Let's say we want to derive a polynomial, and find its minimum/maximum value. Our code is:
m = 5;
fun = #(x) x^2 + m; % function that takes one input: x, accepts 'm' as constant
x = derive(fun, 0); % fun passed as an argument
As per the above code, 'fun' is a handle that points to our anonymous function, f(x)=x^2 + m. It accepts only one input, i.e. x. The advantage of an anonymous function is, one doesn't need to create a separate program for it. For the constant, 'm', it can accept any values residing in the current workspace.
The above code can be shortened by:
m = 5;
x = derive(#(x) x^2 + m, 0); % passed the anonymous function directly as argument
Our target is to find the global optimal,so i think the function here is to get a bounch of local minimal by change the alpha and compare with each other to see which one is the best.

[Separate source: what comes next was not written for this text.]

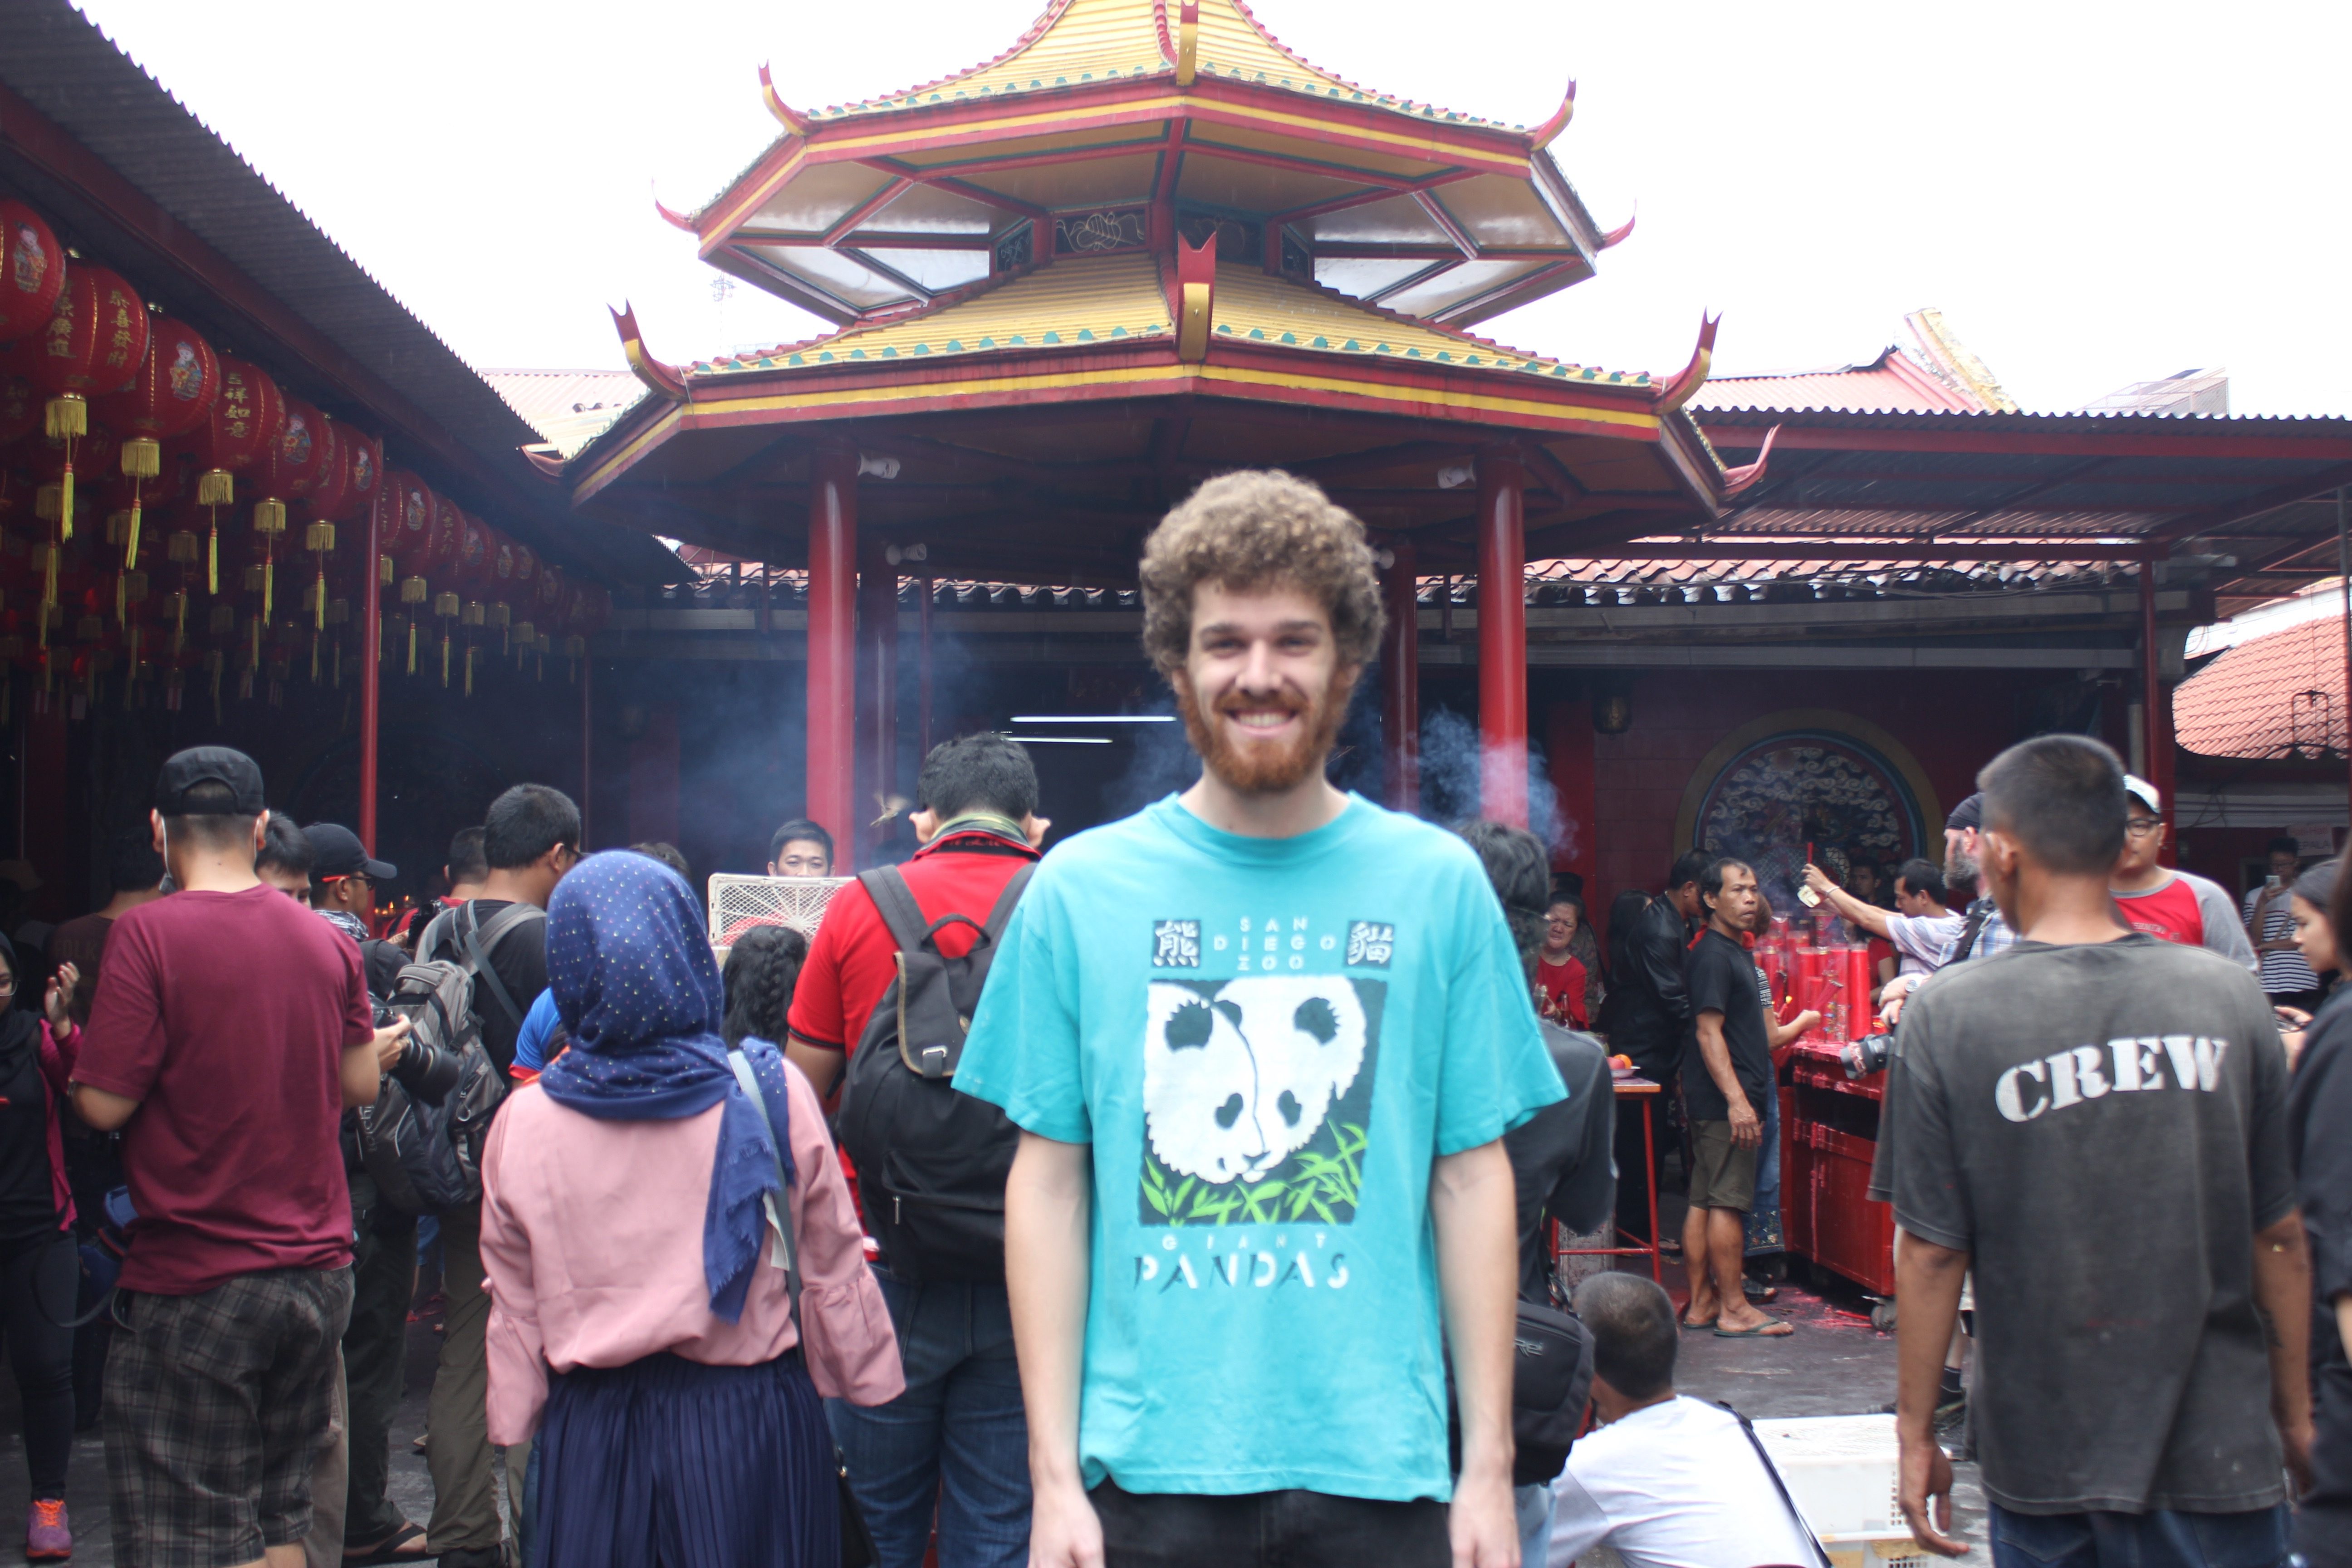 NEW YEAR. American Andrew Masters, 28 is visiting Indonesia after working in Vietnam as an English teacher. 'As an American I have a lot of negativity floating around in me right now so my hope is that everything gets better – I hope so.' Photo by Han Nguyen

to achive this you initiate the fminuc with value initial_theta
fminuc set t=initial_theta then compute CostFunction(t,X,y) which is equal to` CostFunction(initial_theta,X,y).you will get the Cost and also the gradient.
fminuc will compute a new_theta with the gradient and a alpha, then set t=new_theta and compute the Cost and gradient again.
it will loop like this until it find the local optimal.
Then it change the length of alpha and repeat above to get another optimal. At the end it will compare the optimals and return with the best one.